Running Away From Keyboard (AFK)
With proper setup (research, prototype, Kanban board, and PRD), you can run the execution loop away-from-keyboard and get excellent results.
The key is ensuring your agents have all the context they need:
- Research assets for external dependencies
- Prototype code for design patterns
- Clear PRD for requirements
- Well-defined tickets with acceptance criteria
When these pieces are in place, agents can make informed decisions without constant human intervention.
Phase 7: Quality Assurance
Once execution completes, have the agent create a QA plan for human review. This plan should outline specific test scenarios, edge cases, and acceptance criteria to verify.
QA typically uncovers issues or improvement opportunities, resulting in more Kanban tickets and another execution loop. This is expected and healthy - you'll iterate through phases 5-7 multiple times until you reach a polished product.

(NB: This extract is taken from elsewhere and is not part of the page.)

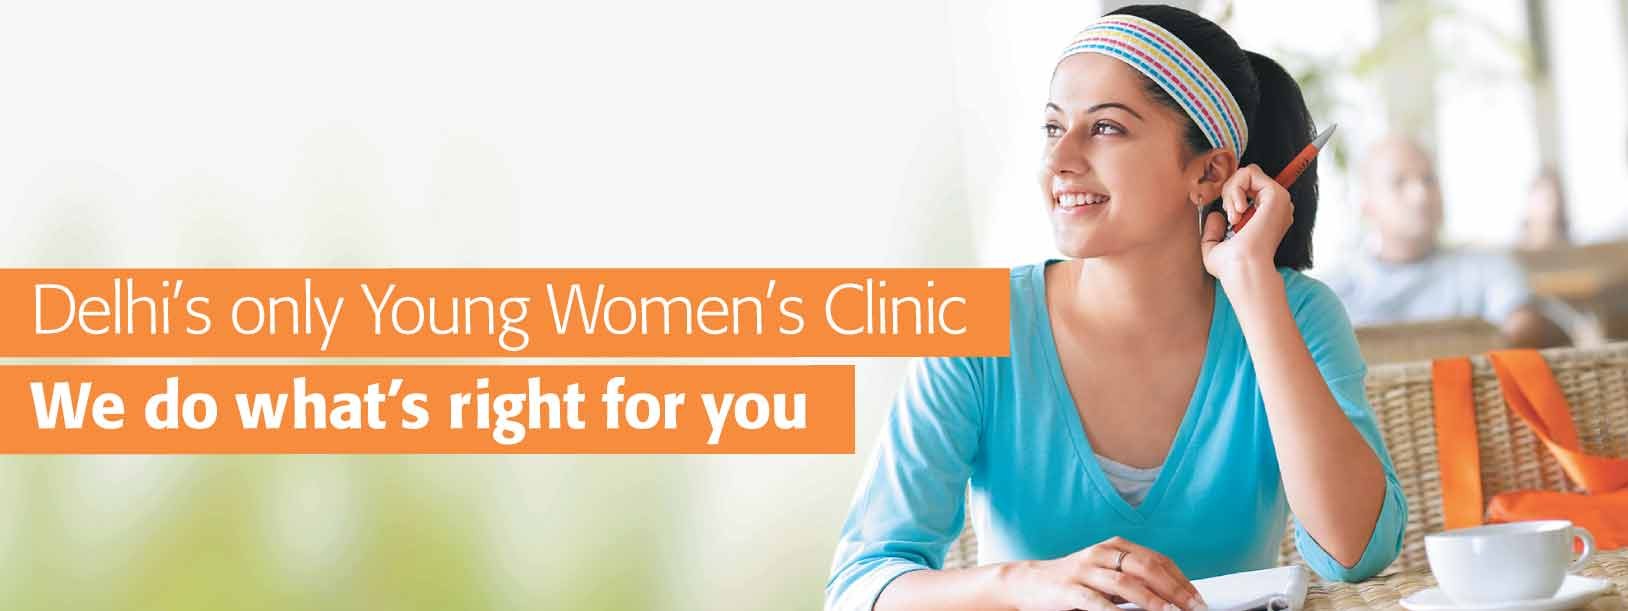 Delhi's only Young Women's Clinic

Each iteration should bring you closer to production quality:
- Agent creates QA plan
- Human reviews and tests the implementation
- Human identifies bugs, UX issues, or improvements
- New tickets are created
- Return to execution phase
Code Review and Human Involvement
QA involves humans reading the generated code to ensure quality, maintainability, and correctness. This may not always be necessary (especially with gray box architectures), but it's an important quality gate for production systems.
Look for:
- Logic errors or edge cases
- Security vulnerabilities
- Performance issues
- Code maintainability and readability
- Adherence to project patterns
These seven phases form the core framework for working effectively with AI agents.
Summary
| Phase | Purpose | Key Deliverable |
|---|---|---|
| 1. Idea | Define what you want to build | Problem statement |
| 2. Research (optional) | Explore external dependencies | research.md asset |
| 3. Prototype (optional) | Test design and UX ideas | Working prototype |
| 4. PRD | Document the end state | Product requirements |
| 5. Kanban Board | Break down work into tickets | Task list with dependencies |
| 6. Execution | Build the actual implementation | Working code |
| 7. QA | Verify the completed work | QA plan and feedback |
This framework will likely evolve as new patterns emerge. Code review deserves special attention - it could be integrated into the execution flow or expanded within the QA phase.